Now, I am guessing that some people here might be familiar with factor analysis, but that many may not know what this is at all. I’m going to try to describe the technical analysis steps I did, while at the same time describing what they and the result mean. I only did a rough analysis using a fairly standard approach.
The analysis was conducted using principal component analysis (PCA). Although PCA, in a strict sense is not factor analysis (it is a data reduction technique), it is one very common way to proceed, especially in initial stages.
Second, the scree plot indicates that there is a clearly discernible theme (represented by principal component 1) present in the data. The break points in the plot indicate components, and where the steepness in the plot goes toward horizontal, the remaining components are too weak to be considered. There is a clear break (or "elbow") around component number 2 or 3.
Third, using a Varimax rotated solution with two factors extracted, one can see that only 31.5% of the total variance is explained by the two factors. The first factor only explains about 20%, which is somewhat low (about 40-45% would have been better). This means that there are two reasonably strong signals in the data. All data has a lot of noise, and the whole point of factor analysis is to find signals in that noise and to cluster those signals into entities that might have a meaning; here “team quality”, or similar. The reason one “rotates” the factors is that the mathematics simply extracts two factors (signals) from the data and places them a bit haphazardly in the data. Think of the two factors as a coordinate system that suddenly appears in a two-dimensional representation of the data. Rotating this coordinate system just means that one does so to minimize the distance between the data points and the axes, so that the axes actually represent the signal in the data optimally.

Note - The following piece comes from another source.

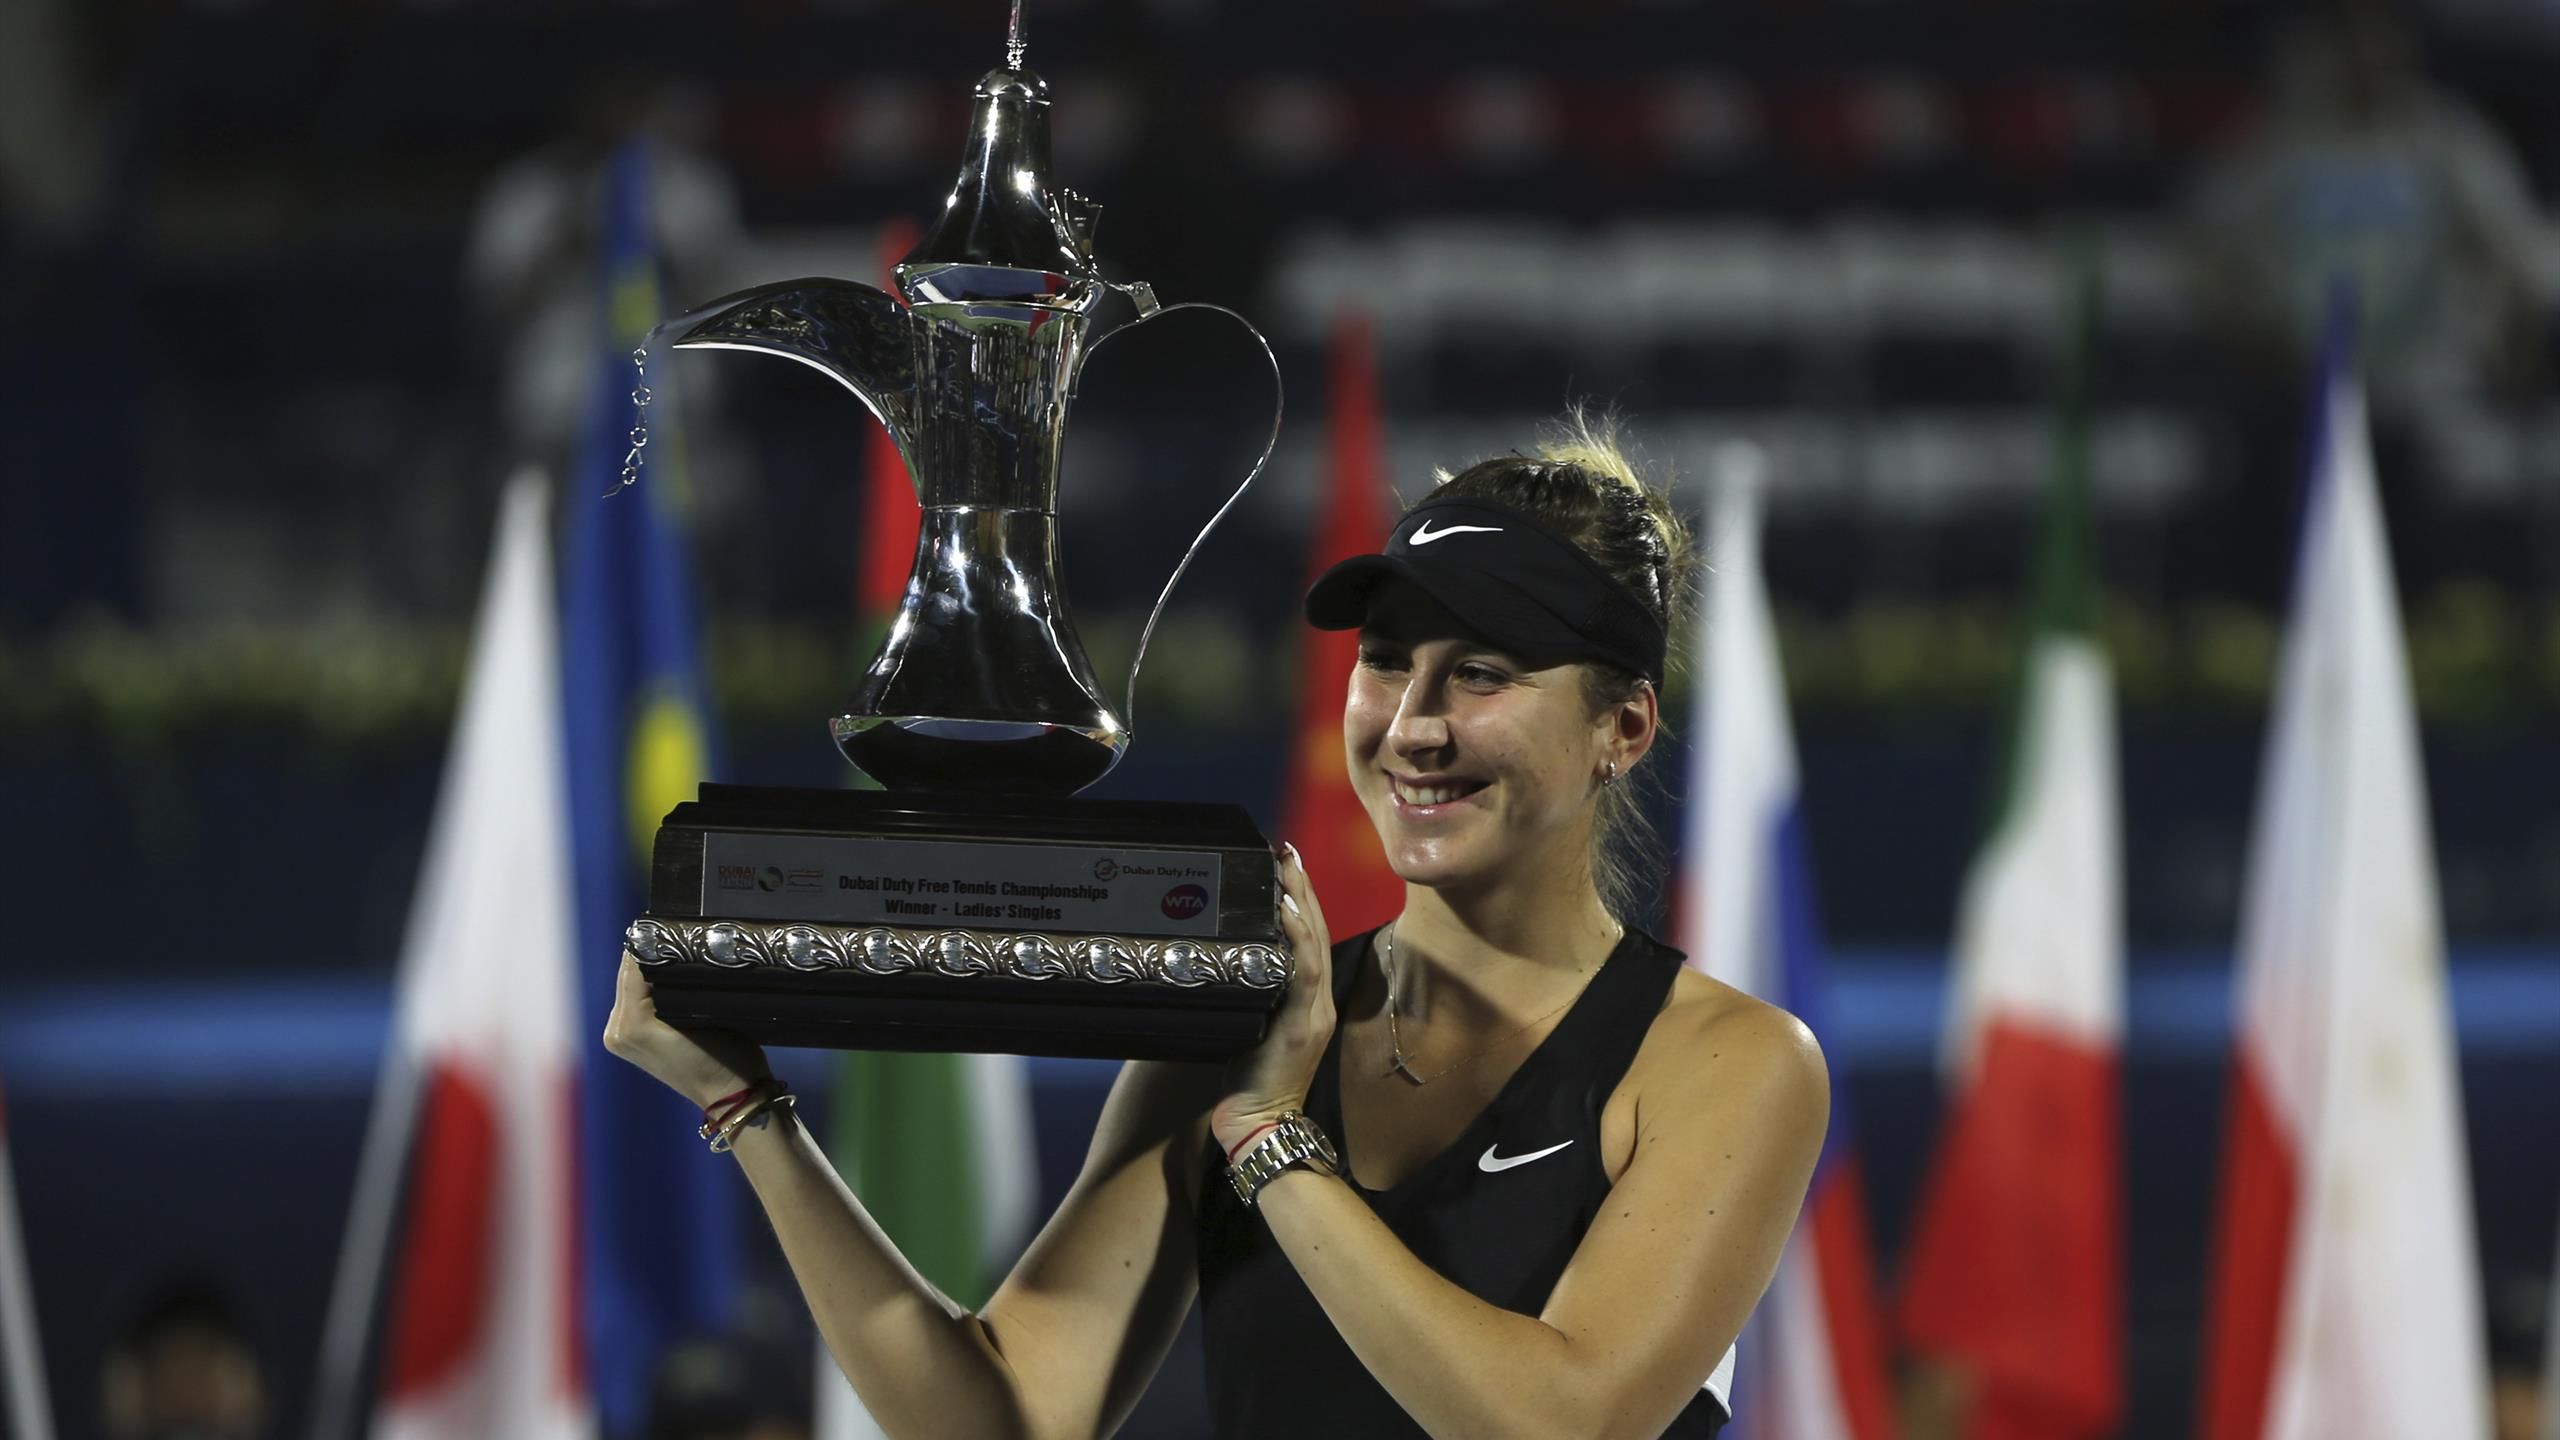 Photos: WTA Draw Ceremony - Dubai Duty Free Tennis Championships

It is possible to plot the loadings of the questions in a two-dimensional space. Principal component 1 should be analogue to the quality of a software development team. Both FixBeforeCode and QuietWorkCond have problematic relations to this this factor. These questions form a small cluster by themselves with a medium loading on the second principal component. There is also a small cluster compromised of HaveSchedule, HaveSpec, BestTools and UsabilityTesting that have a medium strong relation to principal component 2 and a weak relation to principal component 1. Finally, the remaining questions form a cluster that is clearly associated with the team quality factor, and is marginally or not at all associated with the second (unknown) factor.
Why is this so? I would love to hear you views on this. What should the second factor stand for, do you think? Further, it might be useful to do factor analysis on subsamples based on location. For example, U.S. and European respondents might display quite different results when the two populations are analyzed independently. 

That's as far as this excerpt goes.